"How is it, then? Don't you feel afraid here?"

"What, of the sick people?"

"Of the sick people ... or of anything else...."

"I am only afraid of the dead.... Do you know," ... she bent down towards him and whispered in a scared voice—"they still move after they are dead ... it's true, on my soul!"

"I know that ... I have seen it myself!" Grigori continued with an ironical laugh—"The police-officer Nazaroff nearly gave me a box on the ear as he lay on the stretcher. I was carrying him to the mortuary, and all of a sudden he let out with his left hand.... I only just escaped it ... it's true!"

Grischka was in the best of tempers. Taking his tea in this bright clean room, from which could be seen endless distances of green fields and blue sky, pleased him immensely. And there was something else too which caused him pleasure—something which radiated, as it were, from his own personality. He felt the desire to show the best side of his character, and at the same time to appear in Matronal eyes as the hero of the hour.

"I shall make this my life work.... Heaven itself shall rejoice at it!
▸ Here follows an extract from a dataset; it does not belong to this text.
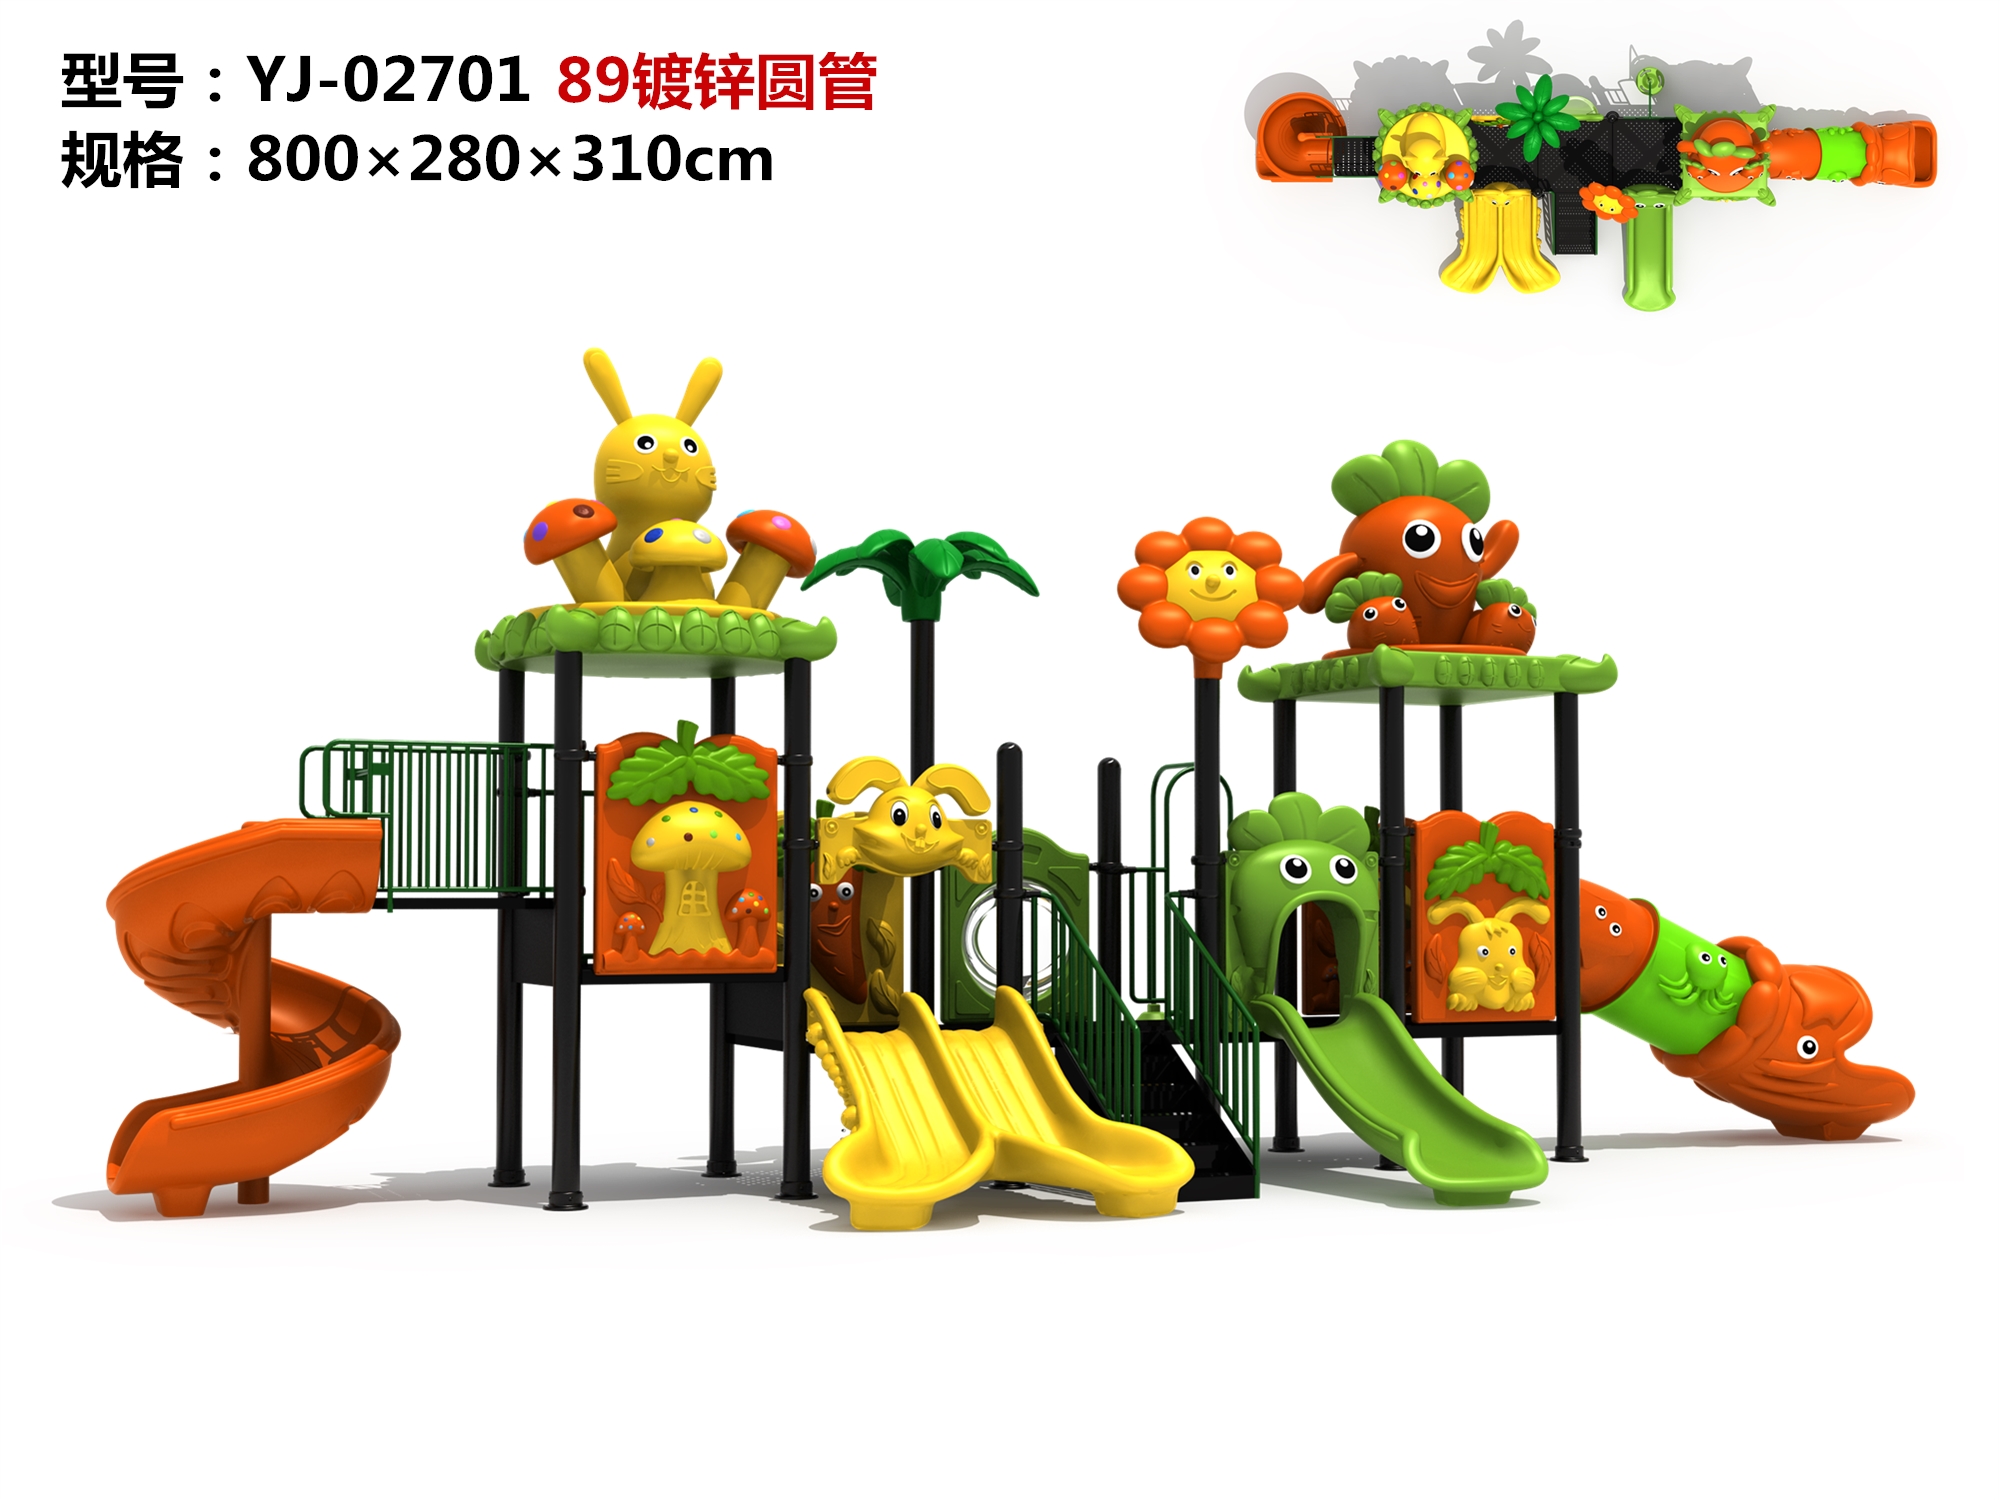 OL-MH02701OUTTROAL Diapositiva Equipo de juego para niños

I have my own special reasons for doing so.... The people here, I tell you, are such as one seldom meets in the world...."

He told her now of his conversation with the doctor, and whilst he unconsciously exaggerated a little, he worked himself into a still pleasanter frame of mind.

"And then the work itself, too," he continued. "You see, my dear, it's a holy work ... it's a sort of war. On one side stands the cholera, and we stand on the opposite side ... who is going to prove the stronger? We have to sharpen our wits to see that nothing is neglected.... What is this cholera after all?... We must first understand that clearly, and then we must use all means possible to fight it.... Doctor Wasschtschenko said to me, 'We need you, Orloff, in this business. Don't let yourself be frightened. Continue to rub the feet and the stomachs of the patients,' he said, and I will rub their insides with my medicines.... And so we shall thoroughly get the better of the disease, you will see, and the patient will recover, and will thank us for restoring him to life.' ... Think of that; you and I together, Matrona ... you and I!"

He swelled his chest out with a feeling of pride, and looked at Matrona with sparkling eyes. She smiled back at him, but did not reply. He looked so handsome whilst he was speaking, and reminded her so of the Grischka whom she used to know in their early married life.